INSTRUCTIONS FOR THE TASK:
Only one span belongs in the answer: the line holding "丰田凯美瑞 2.5骑士版黑色 落地223000贵吗在广东区域" through the last line of the entries below, retyped exactly.

PROVIDED DATA Start Marker

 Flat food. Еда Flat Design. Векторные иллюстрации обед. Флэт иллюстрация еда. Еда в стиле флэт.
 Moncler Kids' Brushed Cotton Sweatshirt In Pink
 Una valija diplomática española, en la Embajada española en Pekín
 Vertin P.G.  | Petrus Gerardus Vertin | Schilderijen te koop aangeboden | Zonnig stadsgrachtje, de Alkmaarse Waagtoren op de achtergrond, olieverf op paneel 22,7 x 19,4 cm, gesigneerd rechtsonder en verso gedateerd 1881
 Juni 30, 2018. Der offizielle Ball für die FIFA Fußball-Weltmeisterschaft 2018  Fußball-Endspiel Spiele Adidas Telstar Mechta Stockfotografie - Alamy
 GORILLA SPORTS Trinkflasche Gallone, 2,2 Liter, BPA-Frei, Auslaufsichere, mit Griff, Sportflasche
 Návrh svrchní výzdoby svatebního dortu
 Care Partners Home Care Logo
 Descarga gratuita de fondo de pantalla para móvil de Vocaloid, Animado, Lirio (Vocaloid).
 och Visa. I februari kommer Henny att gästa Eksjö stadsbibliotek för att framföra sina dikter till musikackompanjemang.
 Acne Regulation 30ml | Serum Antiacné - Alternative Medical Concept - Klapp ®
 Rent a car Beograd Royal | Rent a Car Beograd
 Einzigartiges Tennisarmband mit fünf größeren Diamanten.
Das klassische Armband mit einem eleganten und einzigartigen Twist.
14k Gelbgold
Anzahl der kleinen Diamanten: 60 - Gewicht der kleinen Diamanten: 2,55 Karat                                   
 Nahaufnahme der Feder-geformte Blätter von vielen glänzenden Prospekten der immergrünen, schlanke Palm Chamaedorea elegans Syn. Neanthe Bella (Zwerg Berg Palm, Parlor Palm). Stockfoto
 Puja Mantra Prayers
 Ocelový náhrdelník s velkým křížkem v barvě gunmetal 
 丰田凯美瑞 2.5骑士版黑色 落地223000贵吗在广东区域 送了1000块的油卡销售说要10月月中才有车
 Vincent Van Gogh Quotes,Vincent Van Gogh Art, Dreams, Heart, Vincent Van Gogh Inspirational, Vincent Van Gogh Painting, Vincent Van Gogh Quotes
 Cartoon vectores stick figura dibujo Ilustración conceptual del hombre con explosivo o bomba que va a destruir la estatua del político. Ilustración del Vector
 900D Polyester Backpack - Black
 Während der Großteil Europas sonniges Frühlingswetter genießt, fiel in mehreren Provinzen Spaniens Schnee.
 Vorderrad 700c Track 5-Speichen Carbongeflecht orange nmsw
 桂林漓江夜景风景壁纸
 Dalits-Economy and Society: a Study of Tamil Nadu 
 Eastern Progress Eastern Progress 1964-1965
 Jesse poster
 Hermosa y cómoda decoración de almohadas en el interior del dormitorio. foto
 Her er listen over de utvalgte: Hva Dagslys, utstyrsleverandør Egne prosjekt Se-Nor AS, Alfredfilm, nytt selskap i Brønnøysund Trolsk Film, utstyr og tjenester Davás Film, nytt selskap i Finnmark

PROVIDED DATA End Marker

ANSWER TO THIS TASK:
 丰田凯美瑞 2.5骑士版黑色 落地223000贵吗在广东区域 送了1000块的油卡销售说要10月月中才有车
 Vincent Van Gogh Quotes,Vincent Van Gogh Art, Dreams, Heart, Vincent Van Gogh Inspirational, Vincent Van Gogh Painting, Vincent Van Gogh Quotes
 Cartoon vectores stick figura dibujo Ilustración conceptual del hombre con explosivo o bomba que va a destruir la estatua del político. Ilustración del Vector
 900D Polyester Backpack - Black
 Während der Großteil Europas sonniges Frühlingswetter genießt, fiel in mehreren Provinzen Spaniens Schnee.
 Vorderrad 700c Track 5-Speichen Carbongeflecht orange nmsw
 桂林漓江夜景风景壁纸
 Dalits-Economy and Society: a Study of Tamil Nadu 
 Eastern Progress Eastern Progress 1964-1965
 Jesse poster
 Hermosa y cómoda decoración de almohadas en el interior del dormitorio. foto
 Her er listen over de utvalgte: Hva Dagslys, utstyrsleverandør Egne prosjekt Se-Nor AS, Alfredfilm, nytt selskap i Brønnøysund Trolsk Film, utstyr og tjenester Davás Film, nytt selskap i Finnmark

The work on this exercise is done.